Croom Perez received her bachelor’s in forensic science from UCF and completed her doctoral degree at Penn State University. She returned to her alma mater to do NK cell research.
“I have always loved scientific discovery,” Croom Perez says. “Now I have a chance to use my science for translational outcomes that directly affect patient outcomes.”
In the most recent report published by the British Medical Journal, Copik showed that her energized NK cells may improve the performance of cancer immunotherapy treatments that are currently under development.
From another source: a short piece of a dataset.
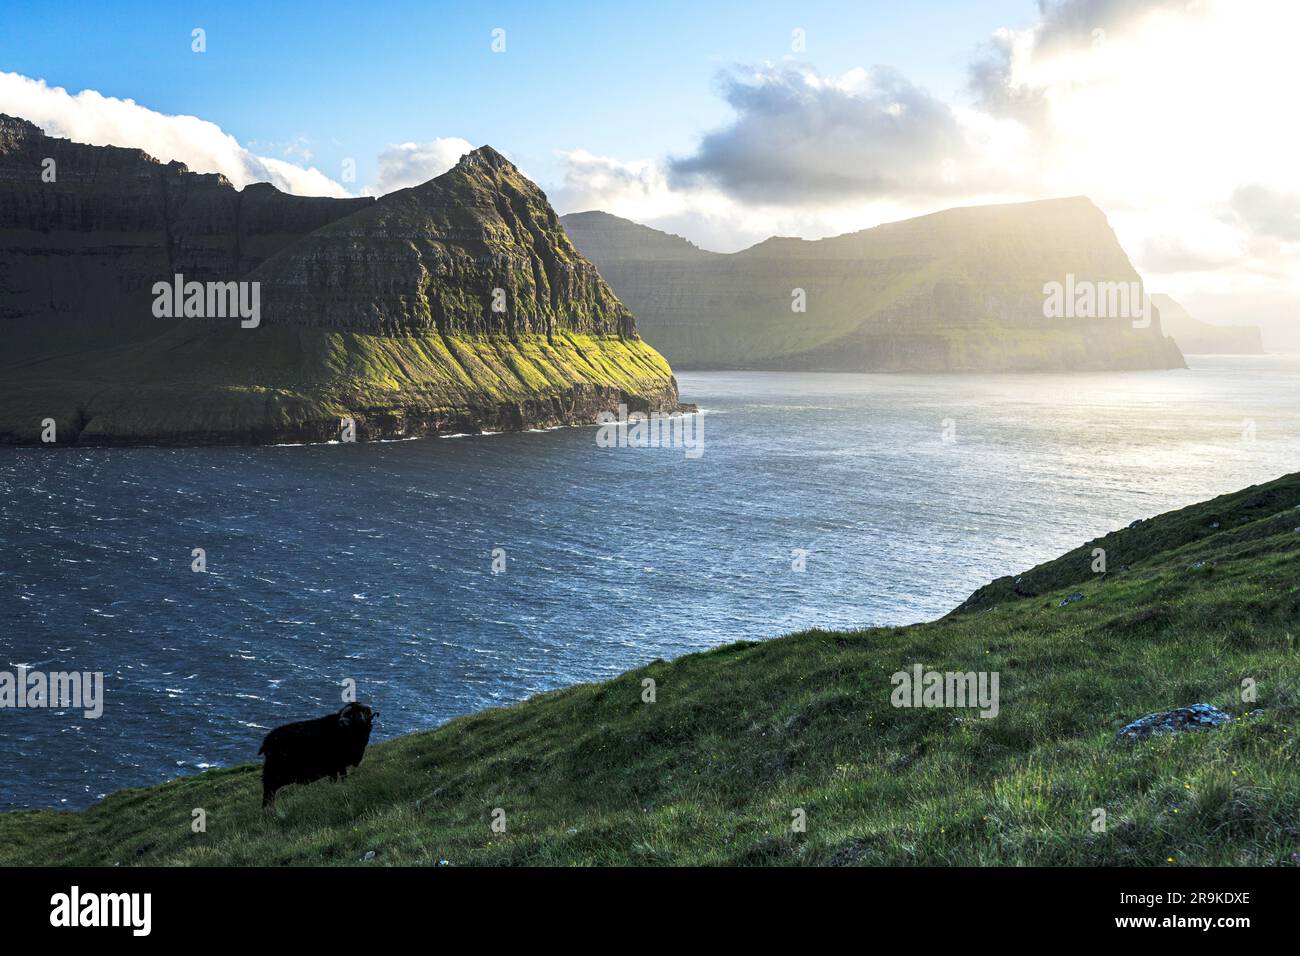 Pecore solitarie nei prati verdi che si affacciano sull'oceano, sull'isola di Vidoy e sulle isole Faroe Foto Stock
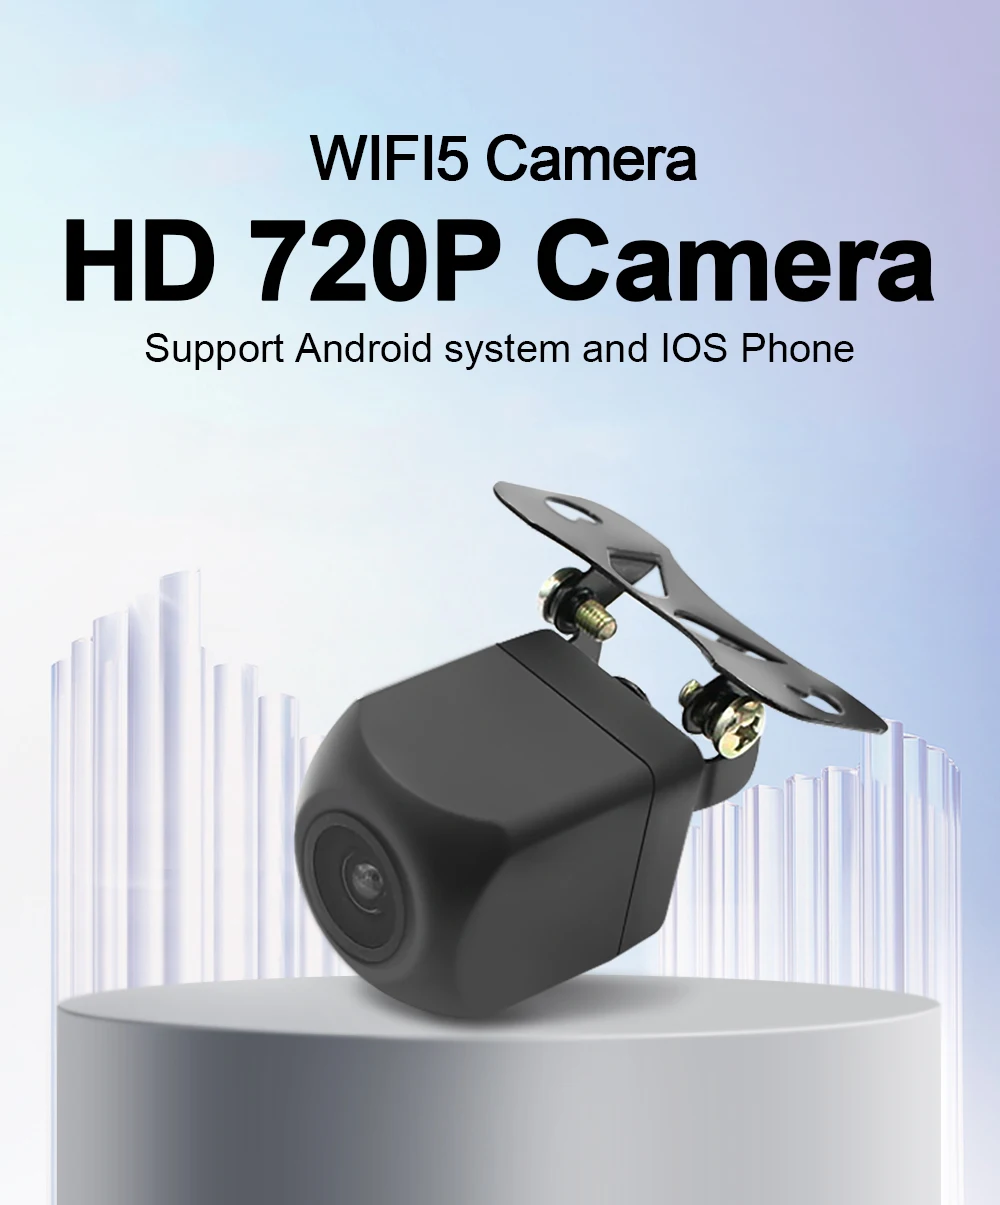 Tanio Carsanbo Car Wifi5 HD noktowizor kamera tylna bezprzewodowa wodoodporna kamera cofania sklep

Such treatments work by unleashing the power of our immune system to fight cancer.
Many of the successful therapies block specific molecules, such as PD-L1, that stop our immune system from eliminating tumor cells. However, many of these therapies only work for a small portion of patients. So scientists are looking for other molecules that cancer may use to hide itself from being attacked by immune cells. One of such promising molecules for developing new treatments is called TIGIT (T cell immunoreceptor with Ig and ITIM domains). Initial preclinical and early clinical research studies of TIGIT therapies showed promise. They greatly improved outcomes for patients being treated with currently approved immunotherapies and extended the immunotherapy benefits of these therapies to even more patients.
However, interim results of phase three clinical trials of patients with lung cancer have so far not delivered on the therapy’s initial promise. This has prompted scientists to search for why these TIGIT drugs could be failing and to identify alternative therapeutic strategies.
Copik believes NK cells might be a solution to the challenges faced by TIGIT-targeted therapies. NK cells are critical to the efficacy of immunotherapies, including those targeting TIGIT, and the UCF researcher’s published results suggest that TIGIT therapies may not have worked well because some of them can destroy NK cells. In a prior work funded by the Florida Department of Health James and Esther King Biomedical Research Program and conducted by former postdoctoral student Faqrul Hasan, Copik’s team reported that functional, highly activated NK cells that are better at killing cancer also have a high number of TIGIT molecules on their surface. Since most of the therapeutic TIGIT antibody candidates bind to TIGIT and also mark those cells for destruction by the immune system, including by NK cells, the team hypothesized that activated NK cells may also be eliminated.
The scientists tested this hypothesis in the lab and found that when NK cells have TIGIT antibodies attached to their surface, the NK cells commit fratricide, killing each other off. The UCF scientists found that the fratricide effect could be prevented by genetically engineering NK cells to remove their TIGIT molecules. The team thinks that the destruction of NK cells may be a potential reason why some of the anti-TIGIT candidates have not been performing as expected in clinical trials. This work was performed in collaboration with physician and Professor of Pediatrics Dean Lee and his team at Nationwide Children’s Hospital. The collaborative team also found that NK cells that were genetically modified to lack TIGIT were also more metabolically “fit” and better at killing cancers. The team has shown that getting rid of the TIGIT “brake” on NK cells makes them better cancer killers, even without introducing other immunotherapy drugs.
Copik says the goal of her research is to “try to outsmart cancer.”
“But we have learned that nature is devilishly smart,” she says. “We are hoping that by studying how tumors and immune cells respond and evolve after drug treatments, we will be able to devise better combination treatment strategies to improve outcomes for cancer patients.”